- Posted by Lin Wilder
- On December 9, 2018
- 0 Comments
- attributes of writers, historical fiction, novels, writing, writing and prayers
Prayer and writing seem like two completely different activities, perhaps even opposed to one another.
Unless we think a little more deeply about what is required of a writer and by one who prays. In order to do so we need to understand that both involve work. Similar kinds of work like focus, and creativity.
I, Claudia. is done. Both the digital and print books should be available within the next week. And now I’m reflecting on these last ten months of immersion in the ancient world. And the joy of writing this story about Claudia Procula and Pontius Pilate.
Early in the writing of this latest book, I told friends who asked about its progress that the writing felt like prayer. And then would listen to those words I had just said with more than a little surprise. Could work and prayer be one thing? Just as the desert fathers and mothers claim? The process of the book has been different from any of the others; like writing the end first.
The notion of unifying work with prayer seemed like a pipe dream. Until I broadened my conception of work.

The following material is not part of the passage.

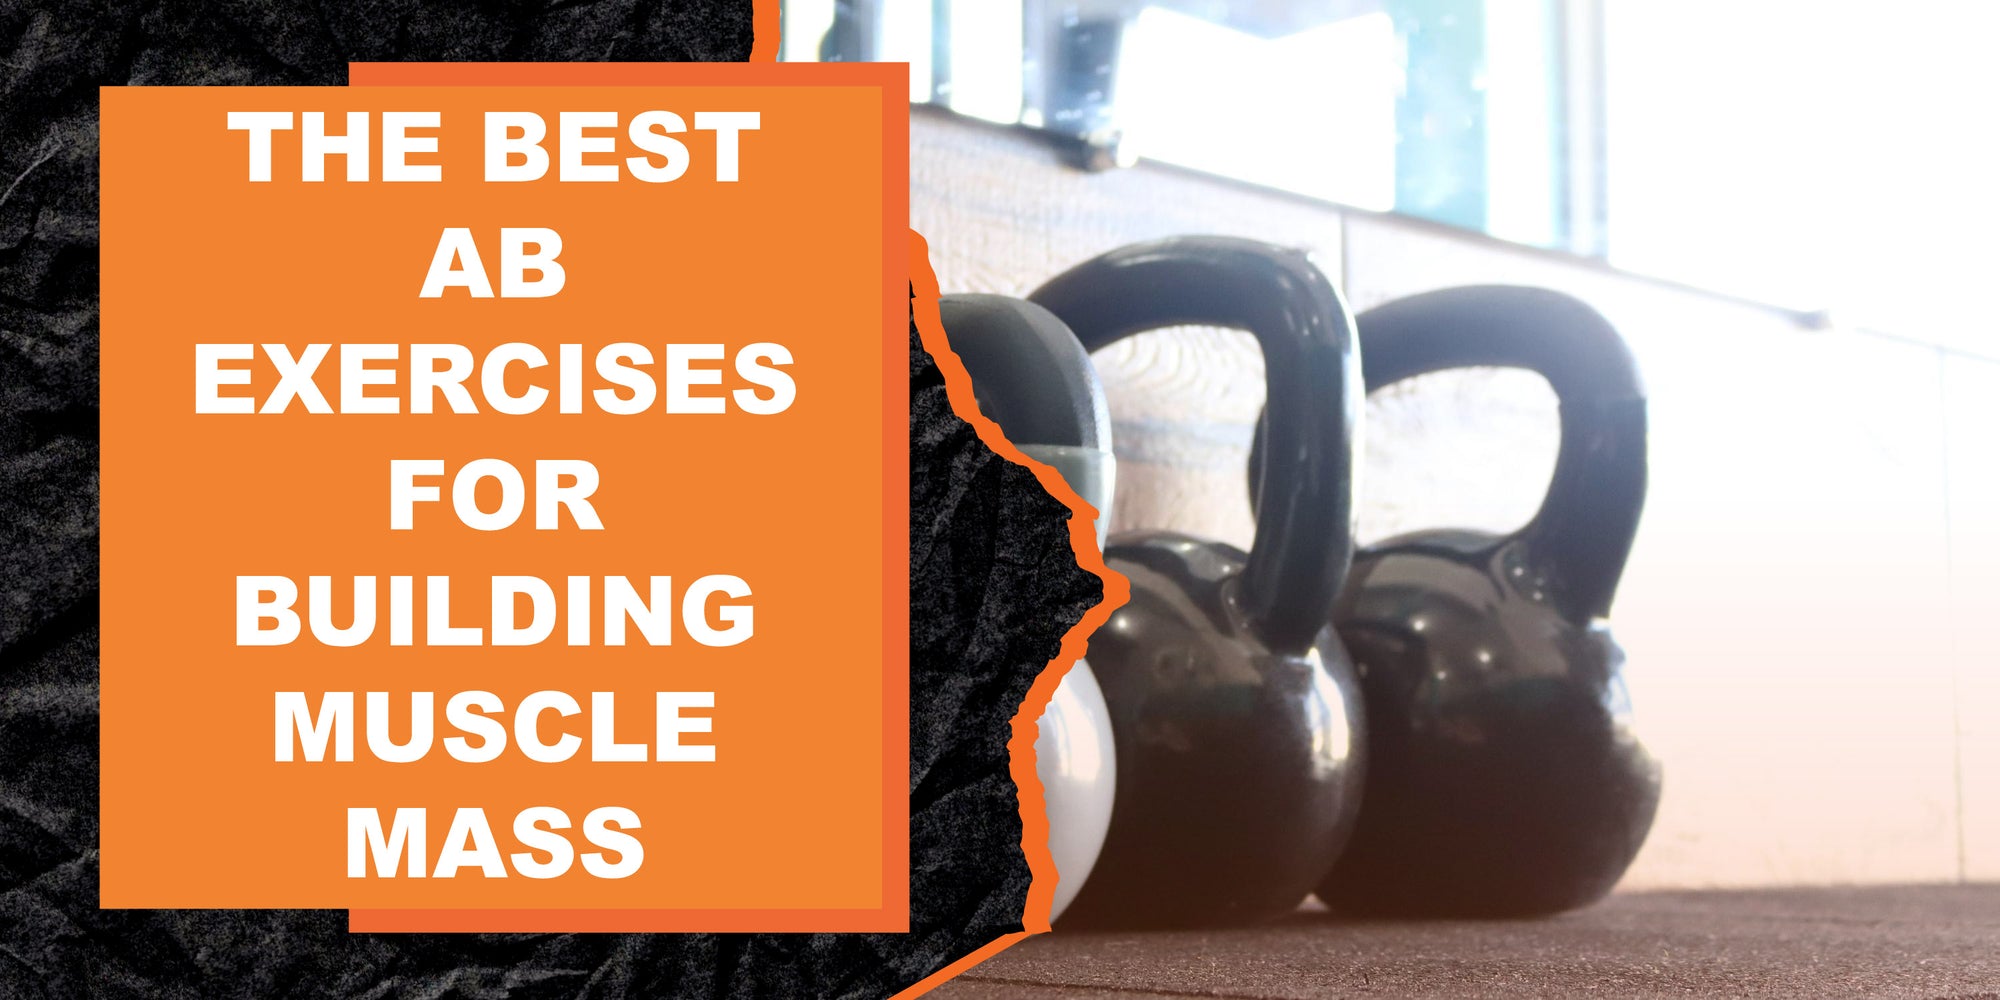 The Best Ab Exercises for Building Muscle Mass

My idea of work was once restricted to the days when I worked for an institution. Only after I left that career did I broaden my concept of what it meant to me. Because I’d had a ‘career’ with an impressive title, everything else seemed like playing around, including the writing I did on vacations and weekends. Work meant getting a paycheck. Once I understood that the ‘dream’ of retirement was not one I embraced and that I needed to work, I began to broaden my definition of work to include activities that may not pay or may even cost me, if not my own money then surely, my effort. Within this context of work then the parallels between writing and prayer are these:
Patience is listed as a virtue because none of us has been provided huge dollops of it.
Most of us are exactly like the toddlers we think we’ve grown past when it comes to getting what we really desire, what we firmly believe we require, perhaps even deserve. When whatever we wish for does not appear in hours, days or weeks, we throw virtual tantrums if only verbally. Why, we ask has -fill in the blank- not arrived, happened or changed?
There are times, I have learned, that I simply cannot pray. There are times also that the words don’t come, the writing just does not flow and neither can be forced regardless of my self-imposed deadline. Patience.
Persistence follows right on the heels of patience.
The alliteration is proper. So tempting when the going gets tough is to give up, give in to those voices that clamor in each of our minds, “You cannot do this!’ ‘Whatever makes you think you are good enough?’ The only answer I have is to persist despite the fact that it may be impossible.
Of my three parallels, this last is the riskiest. because by its very nature is so risky: Trust. Why risky?
Most of the time when we pray, we neither hear nor see anyone, we trust that there is someone listening despite all sensory evidence to the contrary. Risking that in the silence, somewhere deep is a person, one who listens. It’s the same when we publish what we write. Most of the time we hear nothing.
Trust is also required for another, equally important reason. Both prayer and writing, by necessity, are solitary and sometimes lonely activities. This is so because each of us is unique, we are told, irreplaceable. Which means that others, whether they be celebrated mystics, priests or top New York Times selling writers, are unable to tell us how to pray or how to write. Trust.
Therefore when I, Claudia declared herself complete at under 70,000 words, I was, at first, terrifically anxious, (the average historical novel is around 100,000 words)
But realized the only way I could lengthen the story would be to pad it. And trust that this length, the shortest of any of my books to date was right.